-------- Source material --------

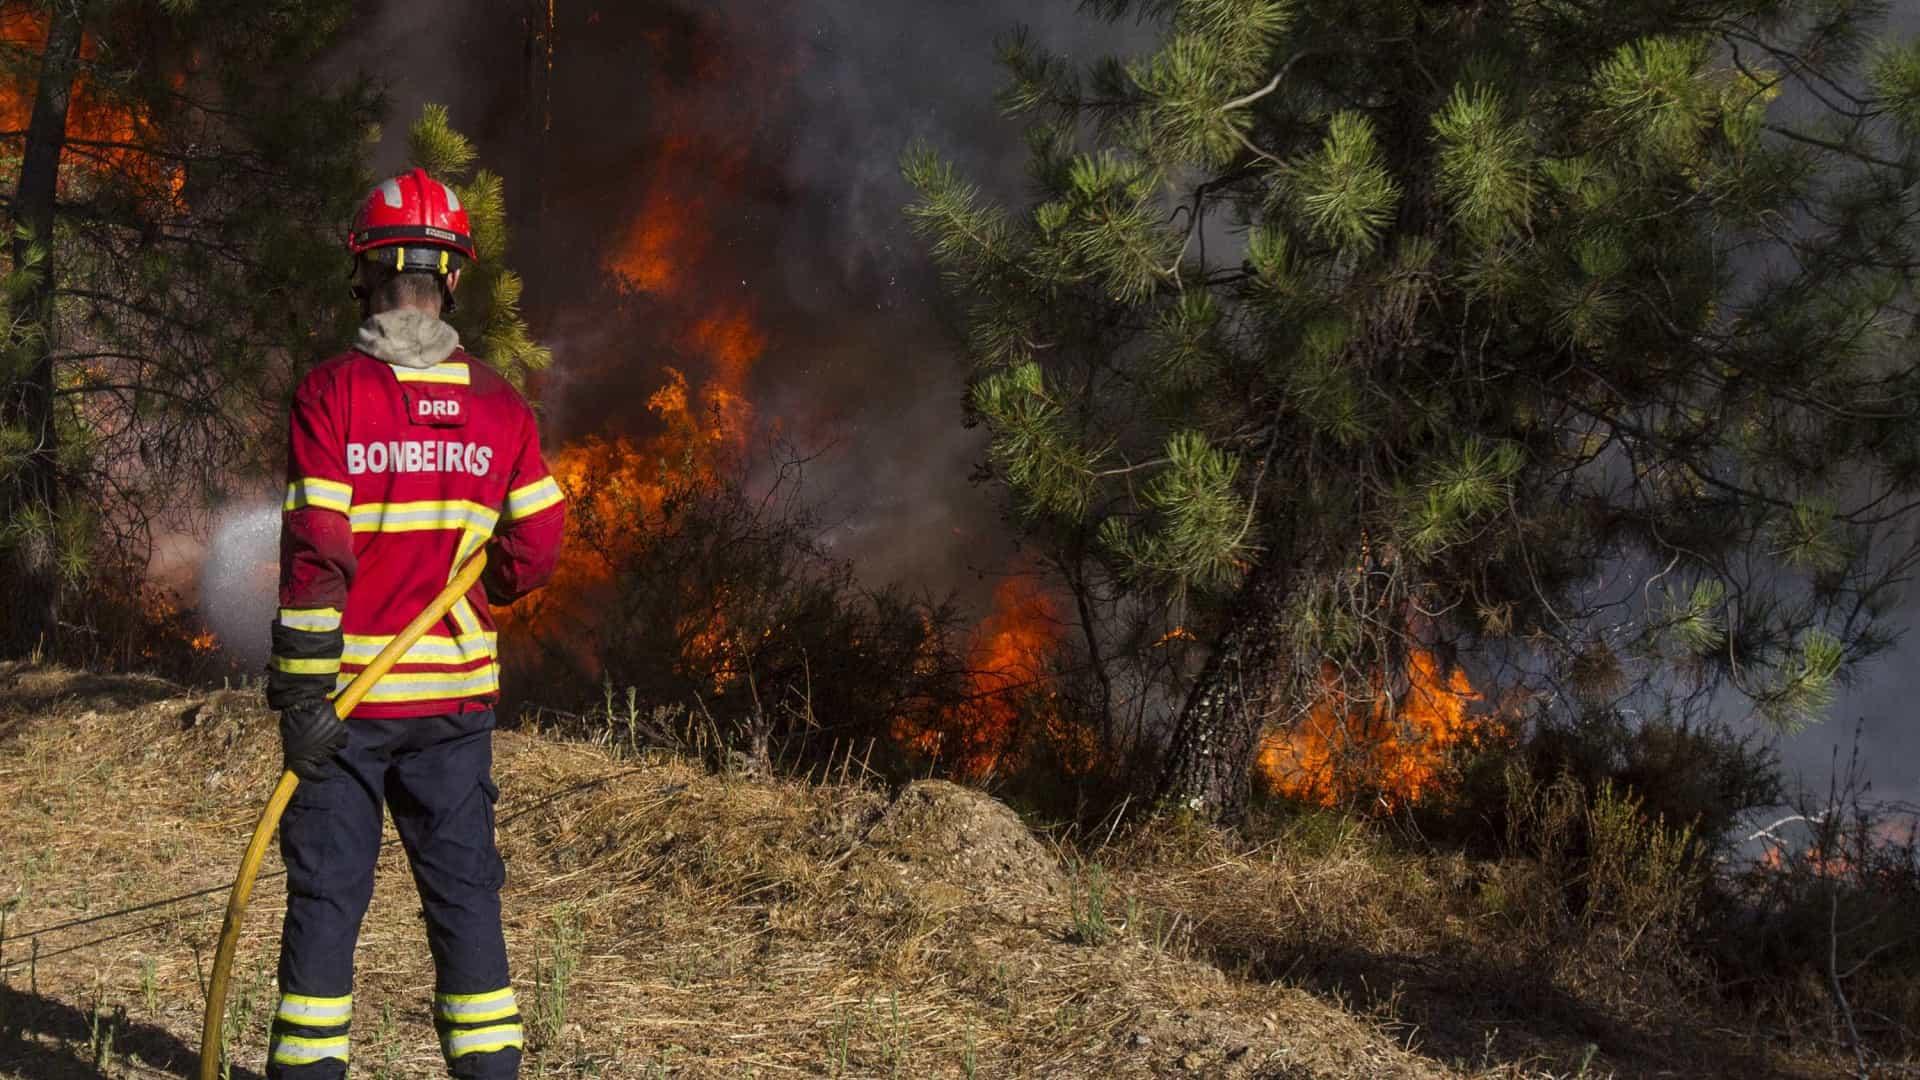 Vila Nova de Foz Coa e Figueira de Castelo Rodrigo em risco máximo de incêndio
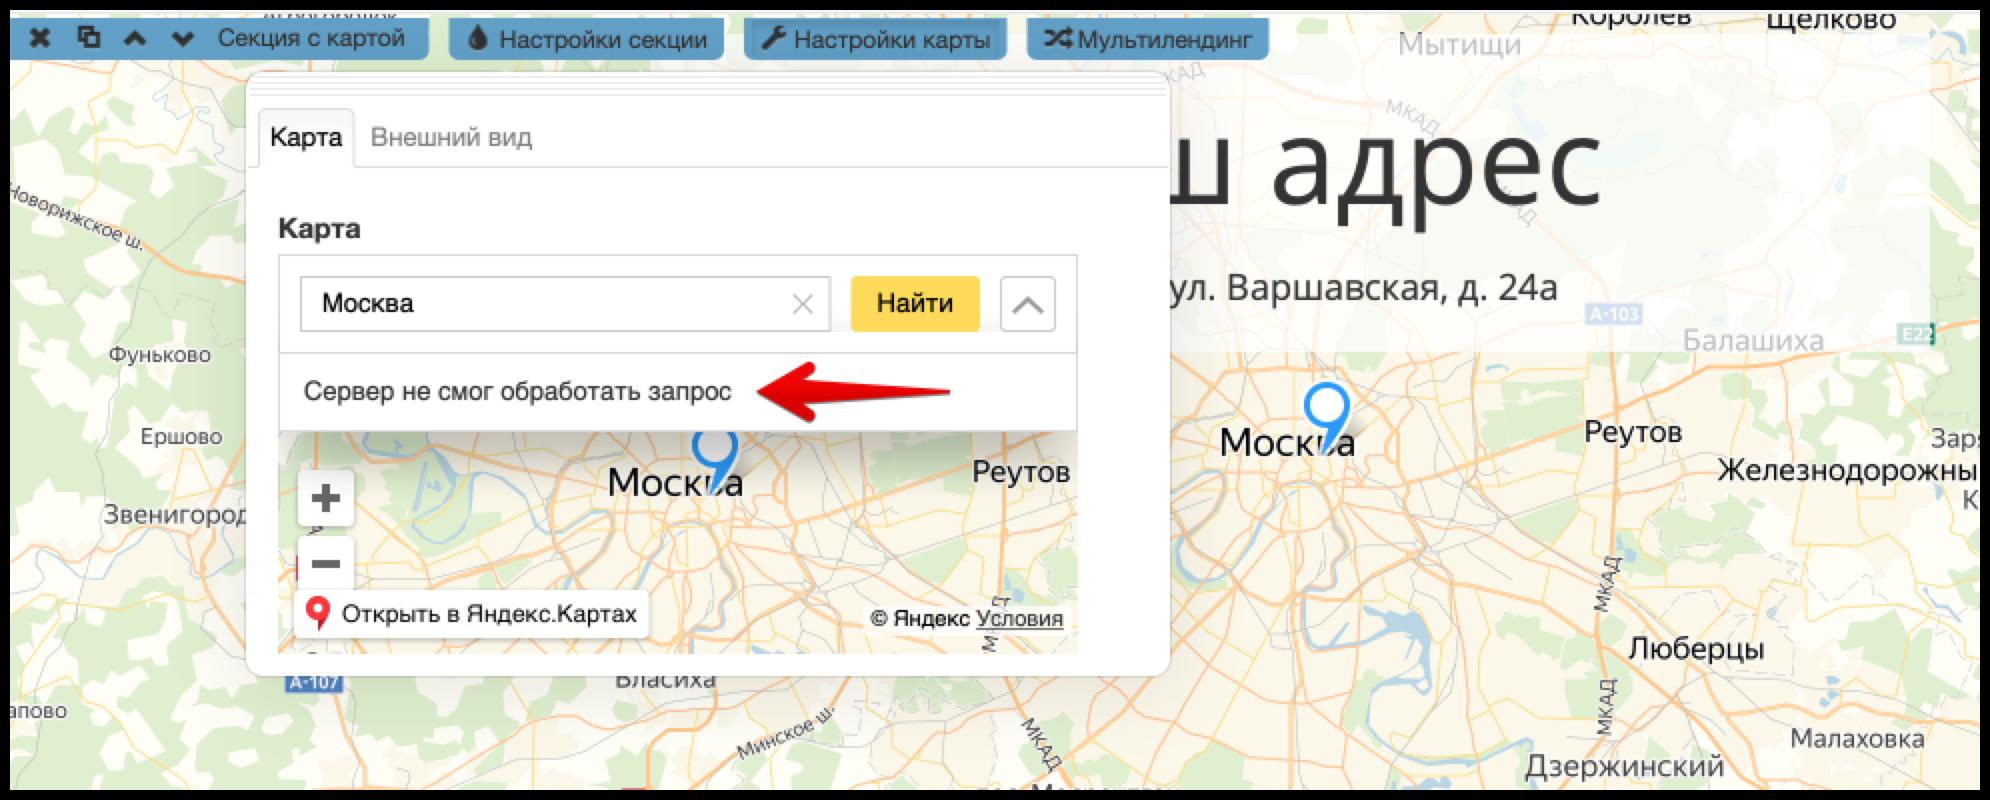 Как мы сэкономили 120 000 рублей в год на платном API Яндекс.Карт
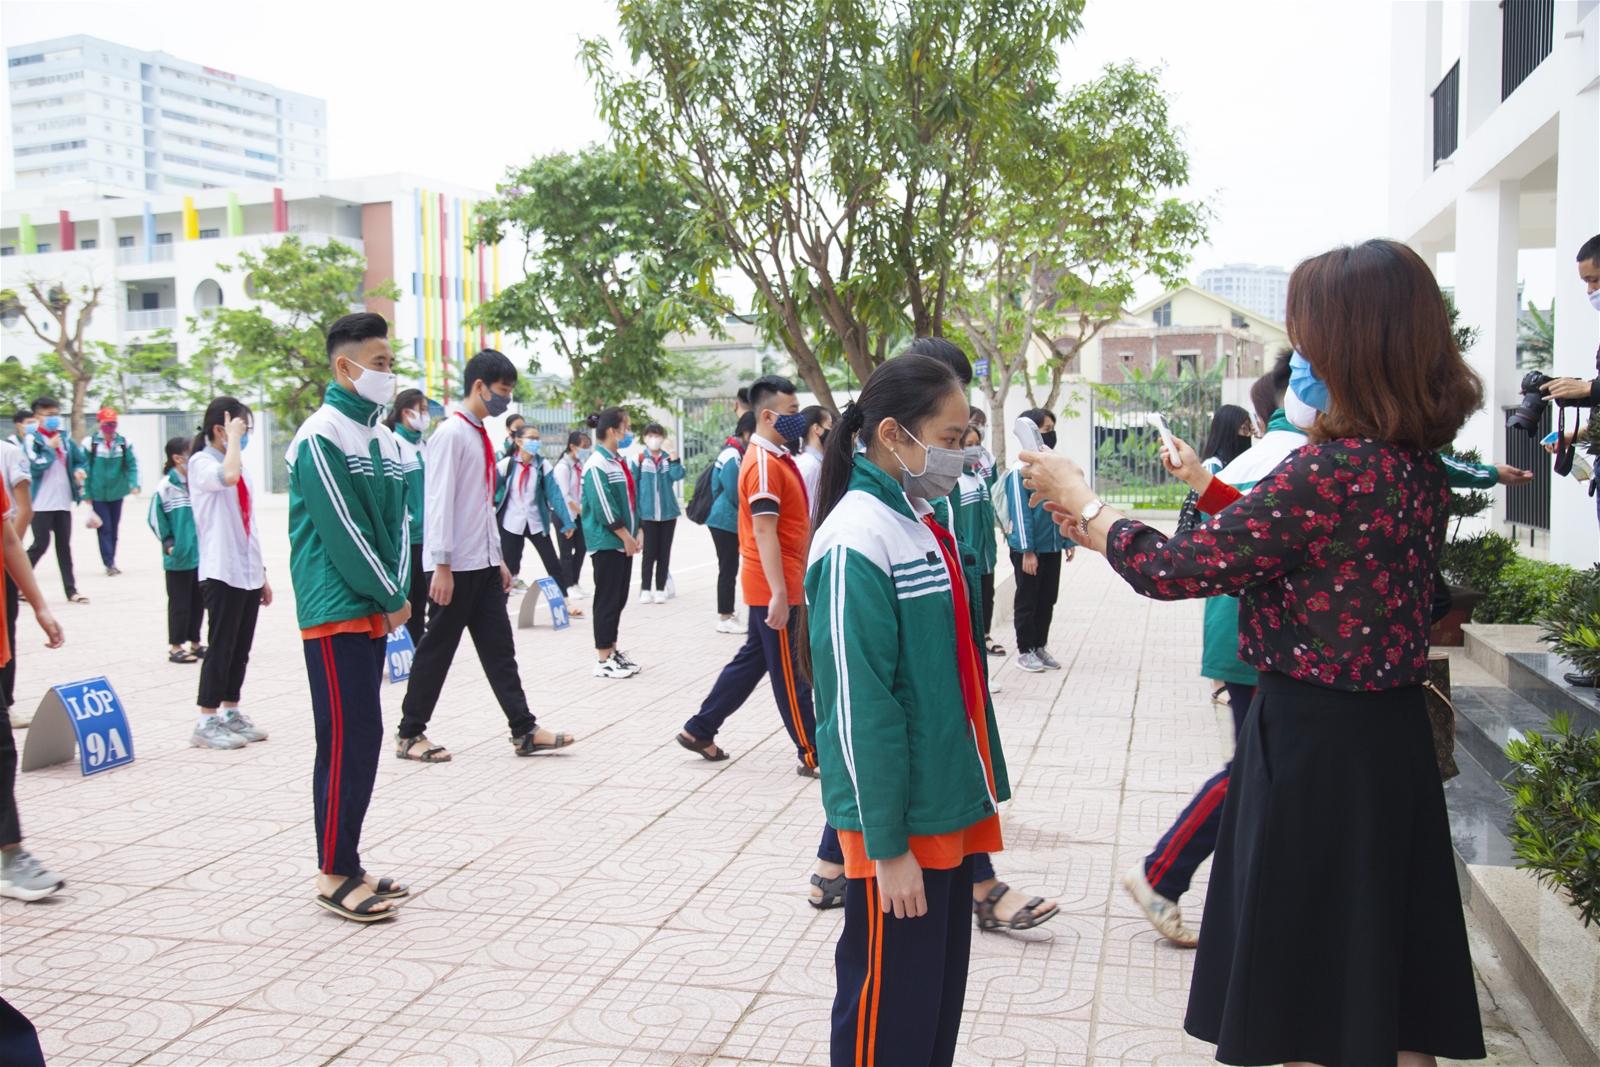 Học sinh Trường THCS Hưng Bình (TP Vinh, Nghệ An) đo thân nhiệt trước khi vào lớp. Ảnh: giaoducthoidai.vn

--------

* Task requirements *
Give the data again word for word, without pictures.

* Your solution *
 Vila Nova de Foz Coa e Figueira de Castelo Rodrigo em risco máximo de incêndio
 Как мы сэкономили 120 000 рублей в год на платном API Яндекс.Карт
 Học sinh Trường THCS Hưng Bình (TP Vinh, Nghệ An) đo thân nhiệt trước khi vào lớp. Ảnh: giaoducthoidai.vn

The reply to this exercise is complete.